##### RECORD EXTRACTS #####
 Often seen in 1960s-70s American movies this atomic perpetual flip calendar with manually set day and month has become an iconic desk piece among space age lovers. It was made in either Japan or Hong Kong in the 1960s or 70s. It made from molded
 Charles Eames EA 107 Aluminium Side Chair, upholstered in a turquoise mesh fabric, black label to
#####
##### RECORD EXTRACTS #####
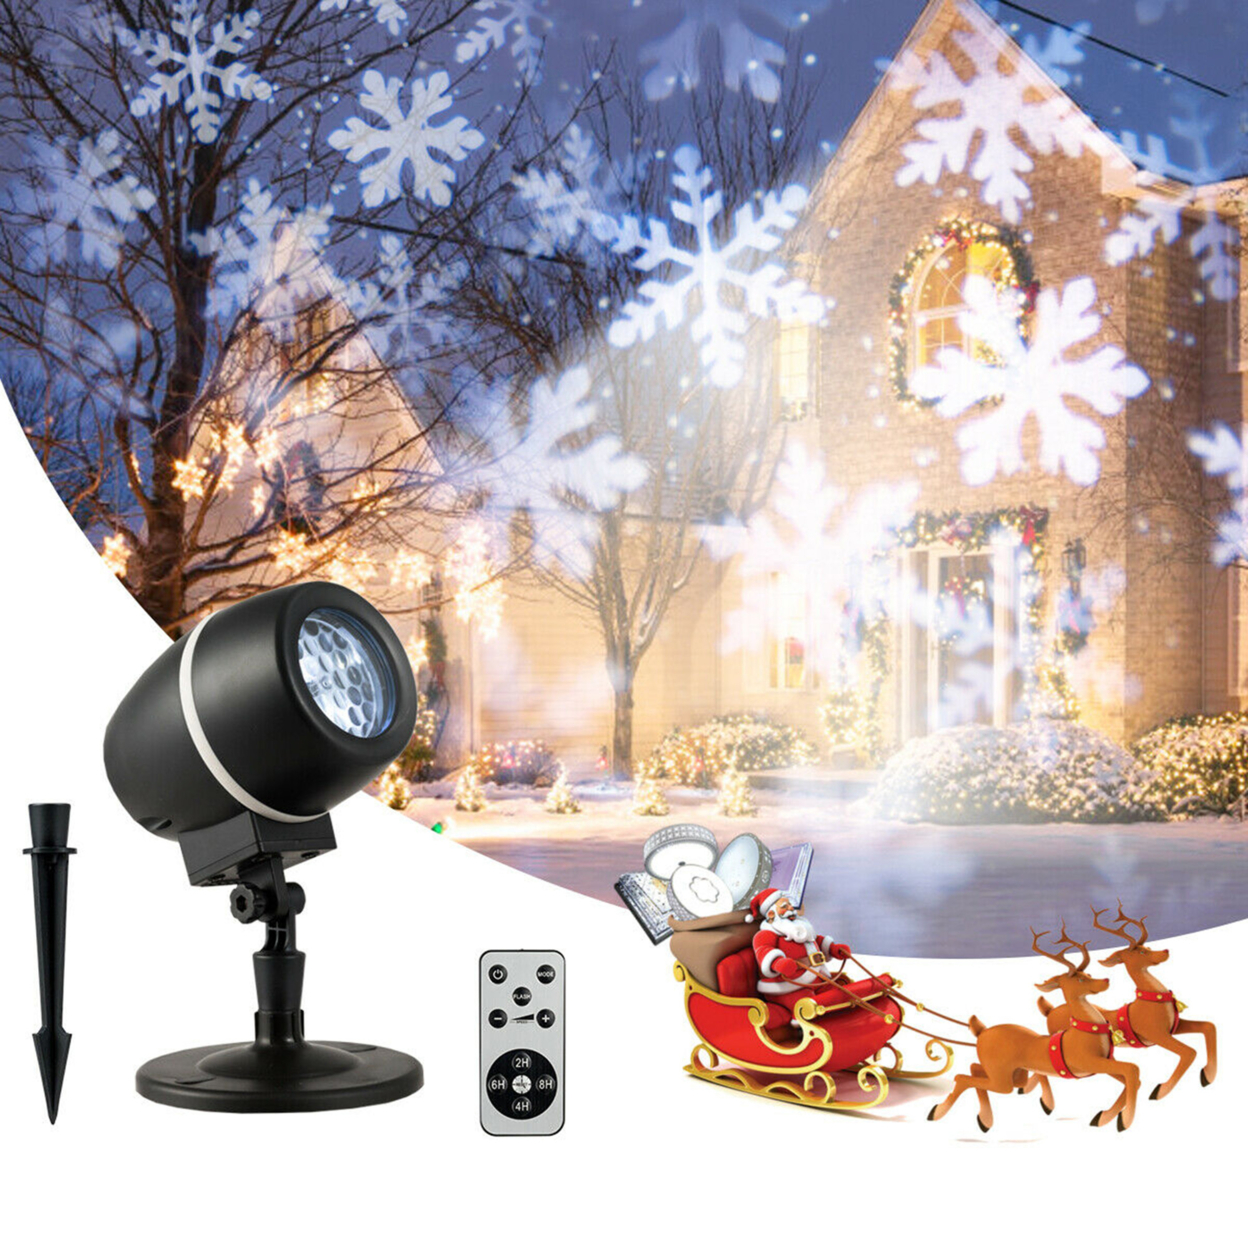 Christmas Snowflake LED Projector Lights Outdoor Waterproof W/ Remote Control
#####
##### RECORD EXTRACTS #####
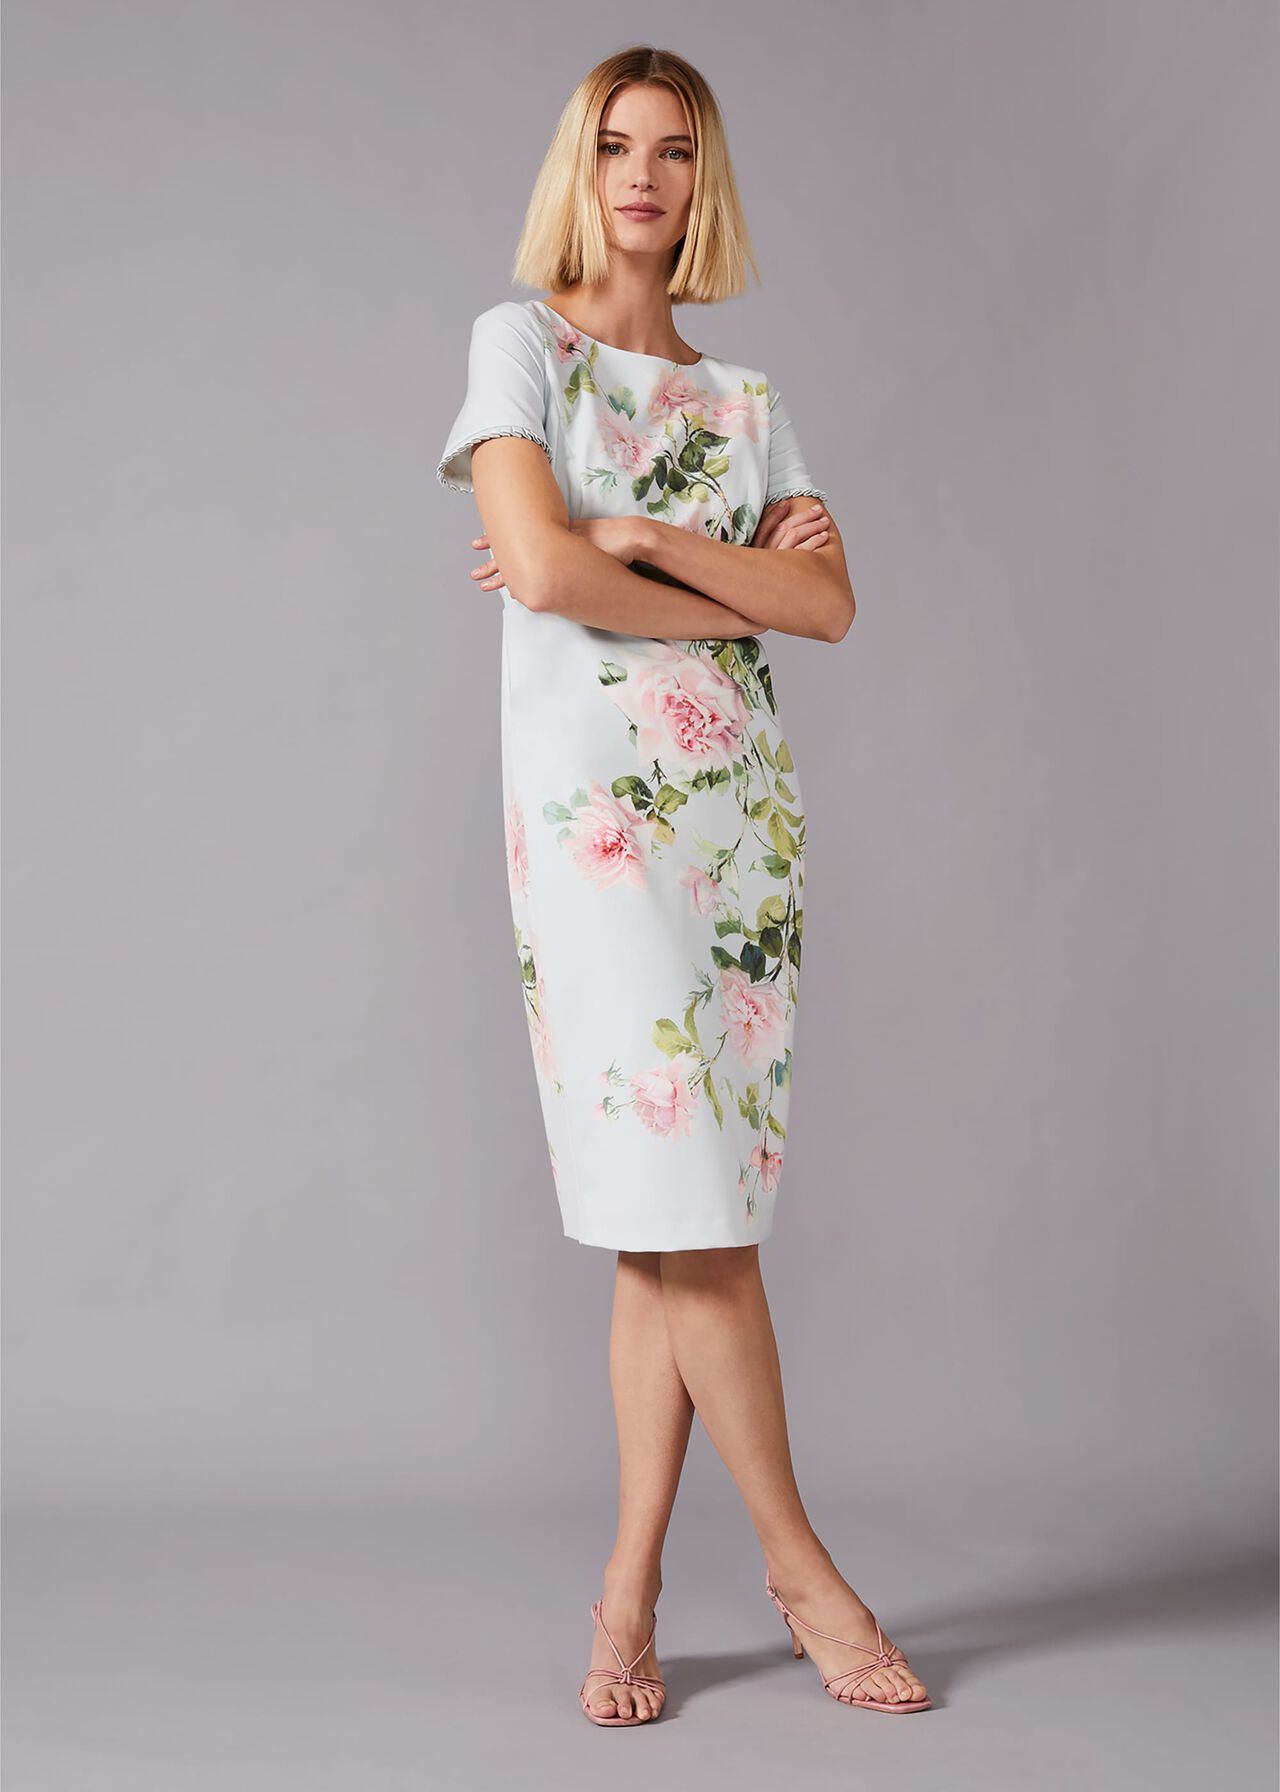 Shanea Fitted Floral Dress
#####
Begin at the line above that has "Often seen in" and stop after the line that has "Charles Eames EA", copying each line exactly and adding nothing else.

* _YOUR RESPONSE_
 Often seen in 1960s-70s American movies this atomic perpetual flip calendar with manually set day and month has become an iconic desk piece among space age lovers. It was made in either Japan or Hong Kong in the 1960s or 70s. It made from molded
 Charles Eames EA 107 Aluminium Side Chair, upholstered in a turquoise mesh fabric, black label to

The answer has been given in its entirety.